After entering May and June, the weather in the northern and southern China diverged, presenting two completely opposite situations.
From May 1 to June 15, heavy rains and even floods hit many parts of southern China. The average rainfall in Fujian, Guangdong and Guangxi reached 621 millimeters, the highest in the same period since 1961, according to the National Climate Center (NCC).
Meanwhile, a regional high temperature event occurred in many parts of the northern China after June 15. In many areas, the highest temperatures have already exceeded historical extremes for this time of year.
Not only China, but also Europe, the United States, Brazil, India and other places have experienced a series of rare heat waves, abnormal rainfall and other extreme weather.
In recent years, extreme weather events have occurred more frequently, and the impact of global warming cannot be ignored. According to NCC, the heavy rainfall in southern China is caused by the increasing instability of the atmospheric circulation system due to global warming and the ongoing La Nina event.
The latest forecast from the World Meteorological Organization (WMO), issued on June 10, gives a 50 to 60 percent chance of La Nina persisting until July or September. The U.S. National Oceanic and Atmospheric Administration’s Climate Prediction Centre has forecast a 51 percent chance of La Niña in early 2023.
The occurrence of two consecutive La Nina winters in the Northern Hemisphere is common, but having three in a row is relatively rare. It would only be the third “triple-dip La Nina” (three consecutive northern hemisphere winters of La Nina conditions) since 1950, according to WMO.
The current La Nina event started in September 2020 and continued through mid-May 2022 across the tropical Pacific, and it has strengthened since March 2022.

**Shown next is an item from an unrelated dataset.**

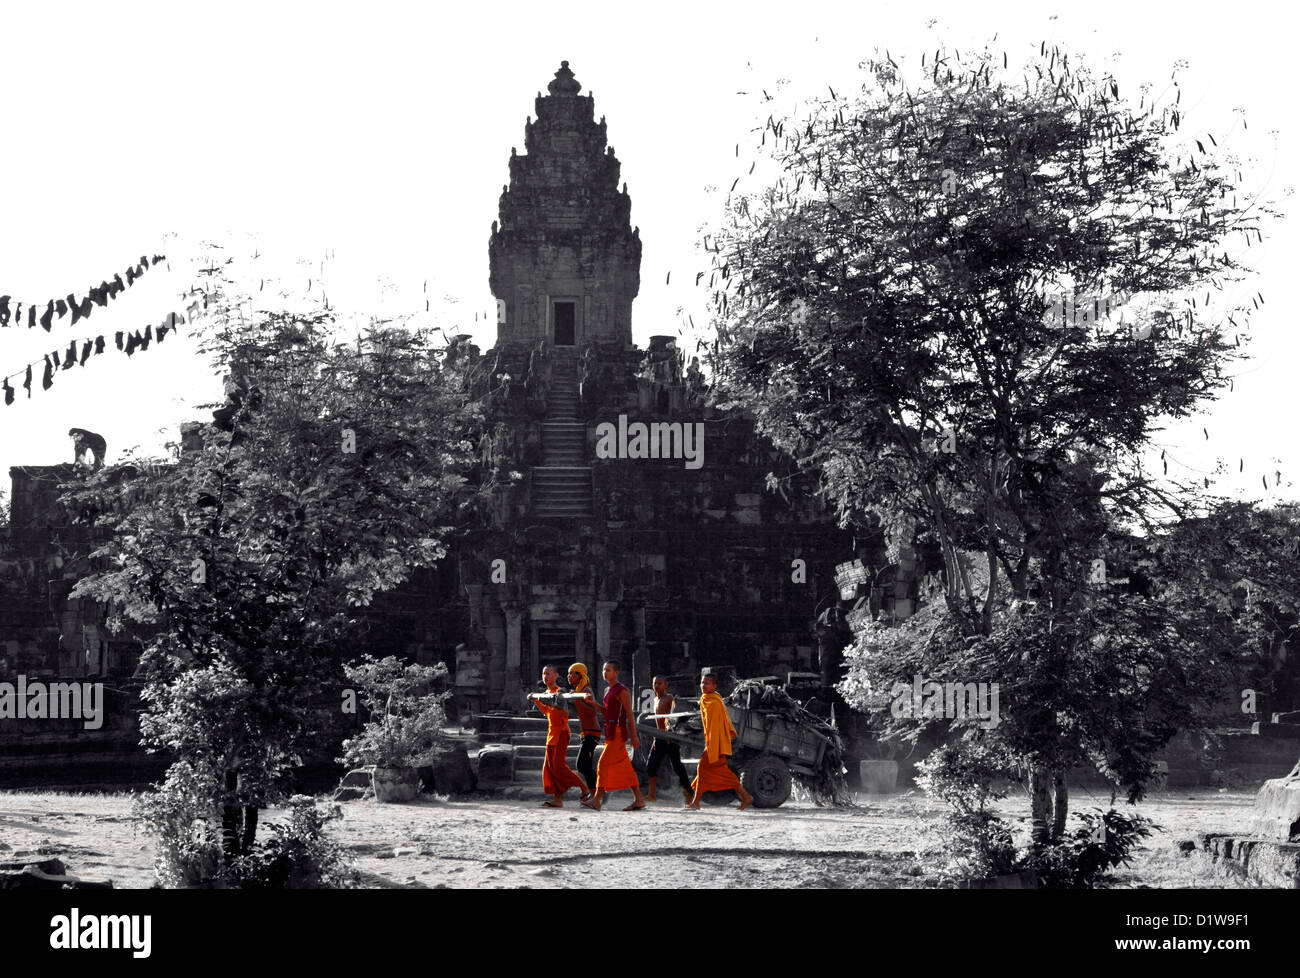 Les jeunes moines bouddhistes sont territoire de nettoyage du Temple Bakong au Cambodge Banque D'Images

La Nina refers to the large-scale cooling of the ocean surface temperatures in the central and eastern equatorial Pacific ocean, coupled with changes in the tropical atmospheric circulation, namely winds, pressure and rainfall. According to Nature magazine, more La Nina events would increase the chance of flooding in southeast Asia, boost the risk of droughts and wildfires in the southwestern United States, and create a different pattern of hurricanes, cyclones and monsoons across the Pacific and Atlantic oceans, as well as give rise to other regional changes.
So far, the impact of La Nina events on the weather in China is more obvious. “The subtropical high in China tends to be northward, which indicates that in the coming months, the rainy season in the northern China may be earlier, and the typhoon activity in the south may be relatively more,” said Hu Xiao, Chief meteorological analyst of Weather China, the China Meteorological Administration's online weather service.
In the background of La Nina events, the overall rainfall characteristics of China during the flood season this year are likely to be more rains in the northern China and South China, less rain in the regions from the Yangtze to Huaihe rivers, and in the regions south of the Yangtze River, he added.